Supplied data Block Start
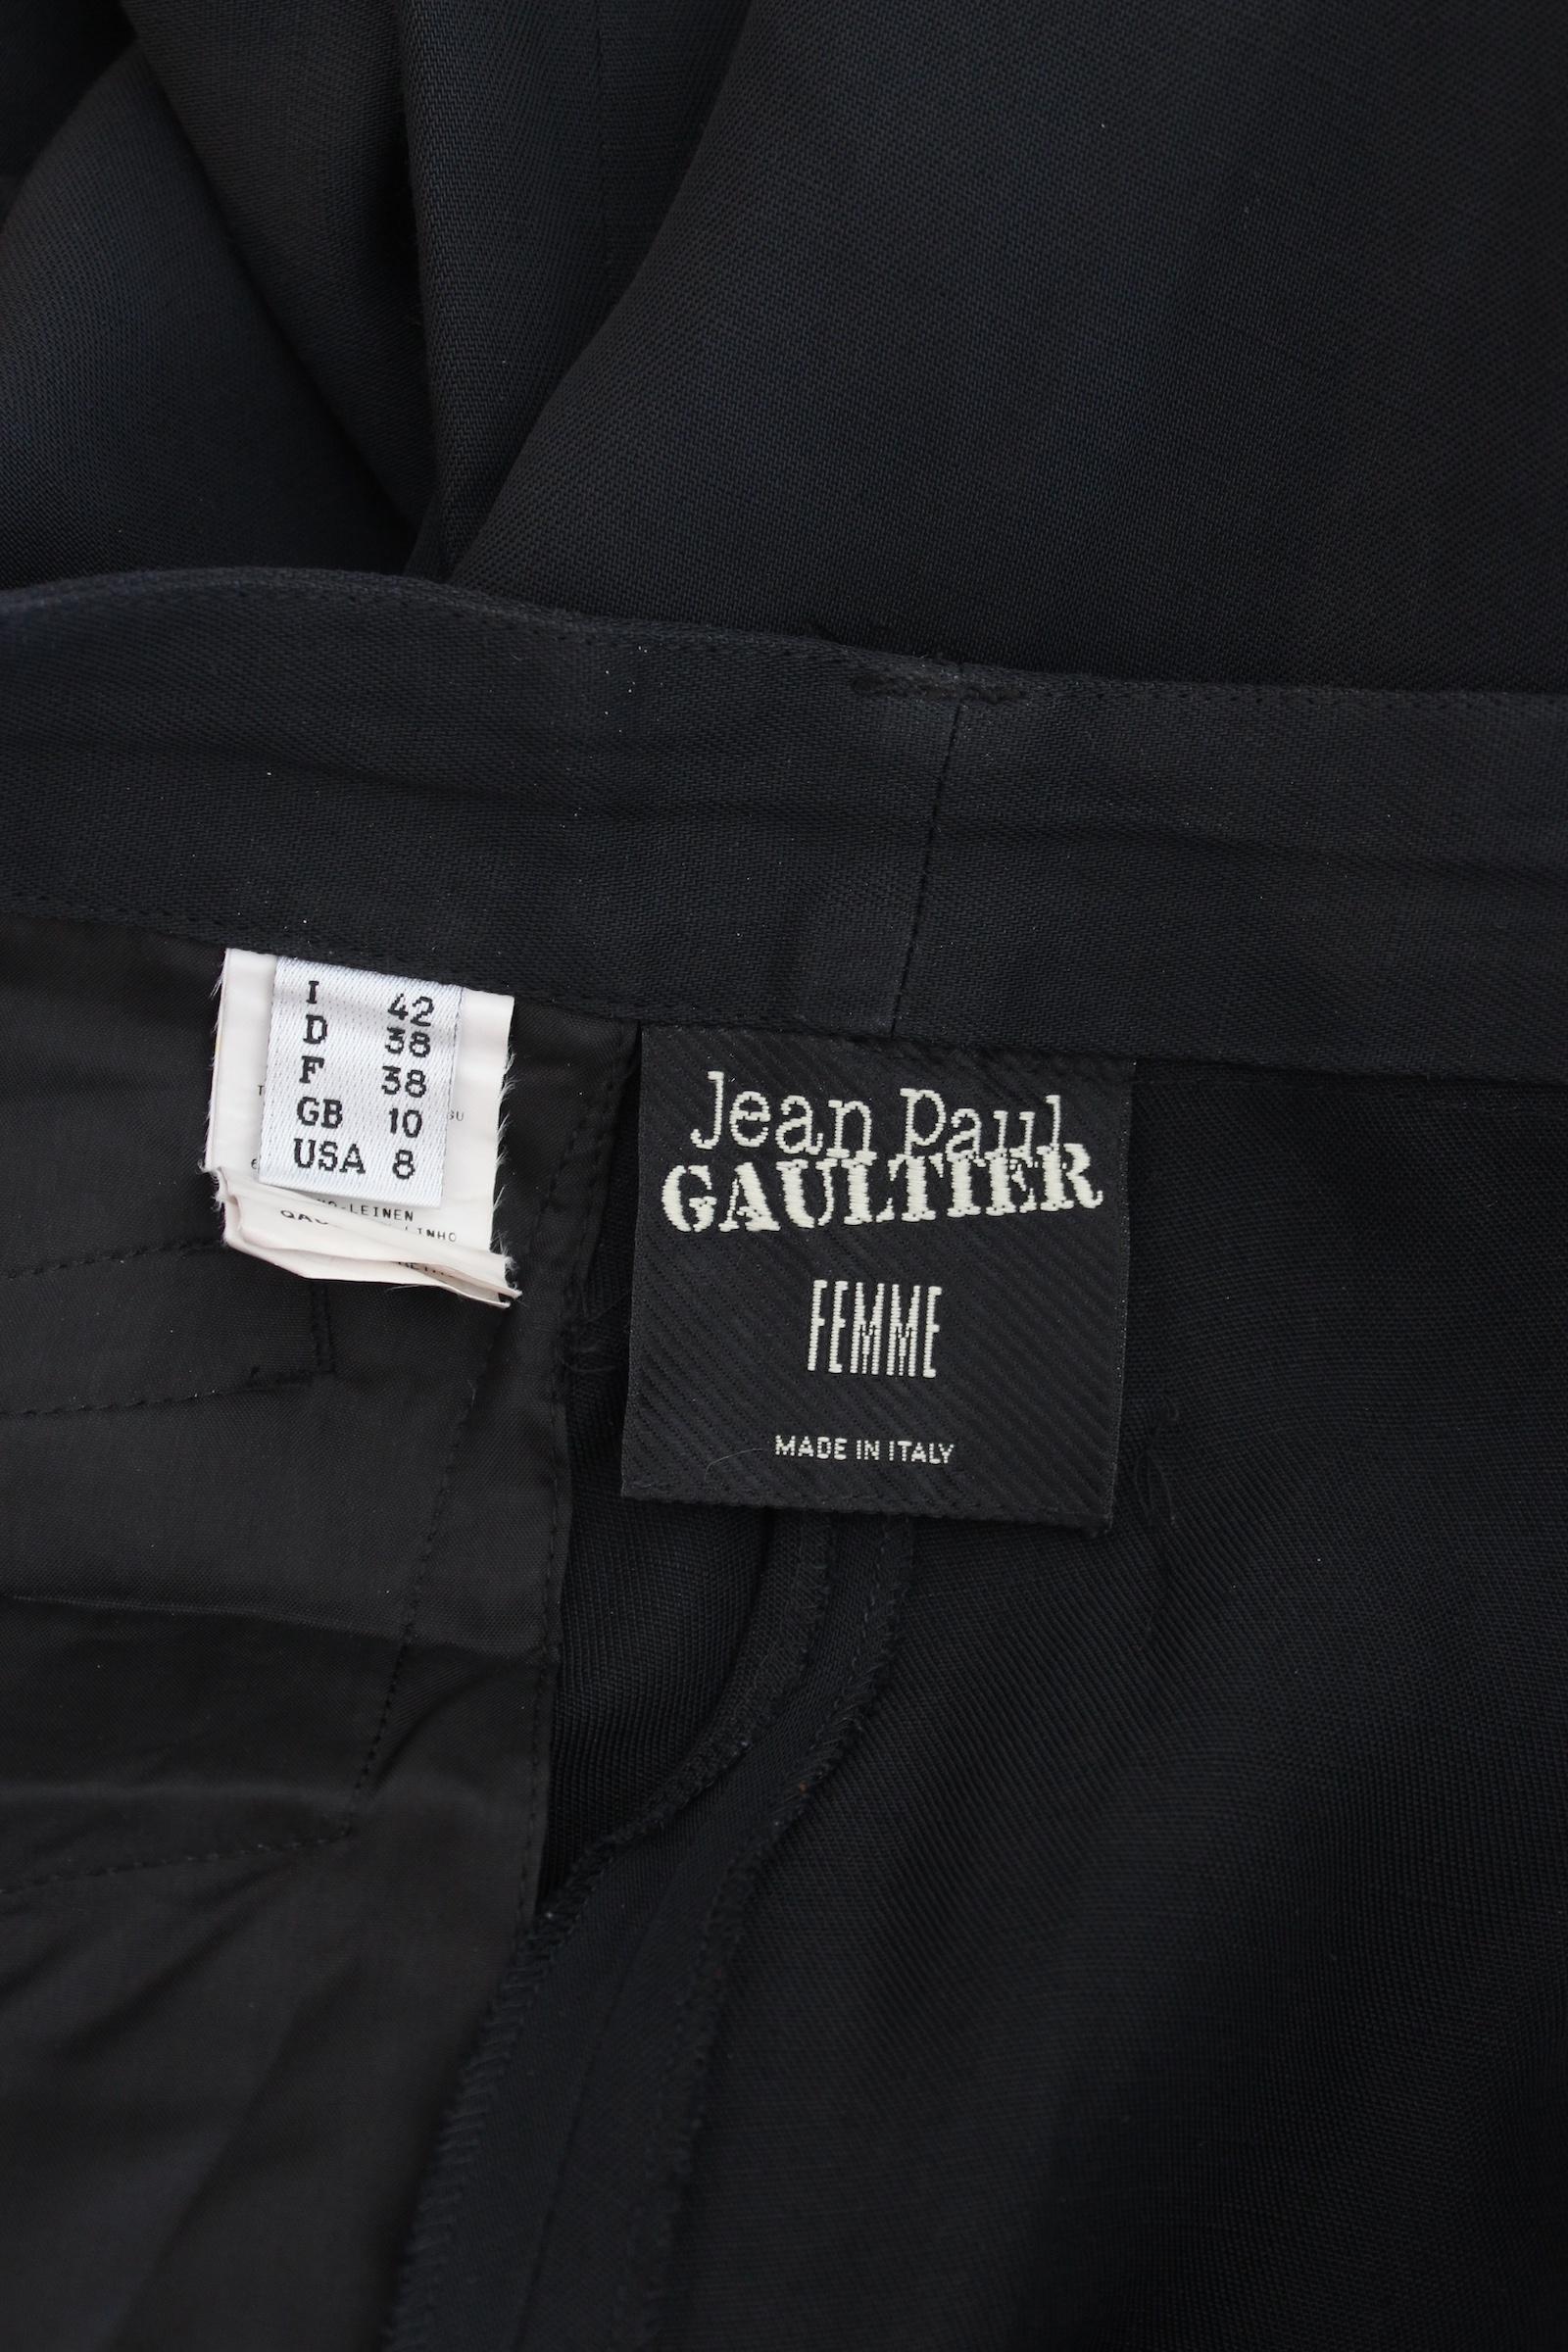 Jean Paul Gaultier Femme vintage 90s pantalon noir. Pantalon de soirée, taille haute, poches sur les côtés et dans le dos, 66% rayonne, 34% lin. Fabriqué en Italie.

Taille : 42 It 8 Us 10 Uk

Taille : 42 cm
Longueur : 104 cm
Longueur intérieure :
Supplied data Block End
• Task description: A word-for-word copy of the data above is needed, one that omits the pictures.

• Task solution:
 Jean Paul Gaultier Femme vintage 90s pantalon noir. Pantalon de soirée, taille haute, poches sur les côtés et dans le dos, 66% rayonne, 34% lin. Fabriqué en Italie.

Taille : 42 It 8 Us 10 Uk

Taille : 42 cm
Longueur : 104 cm
Longueur intérieure :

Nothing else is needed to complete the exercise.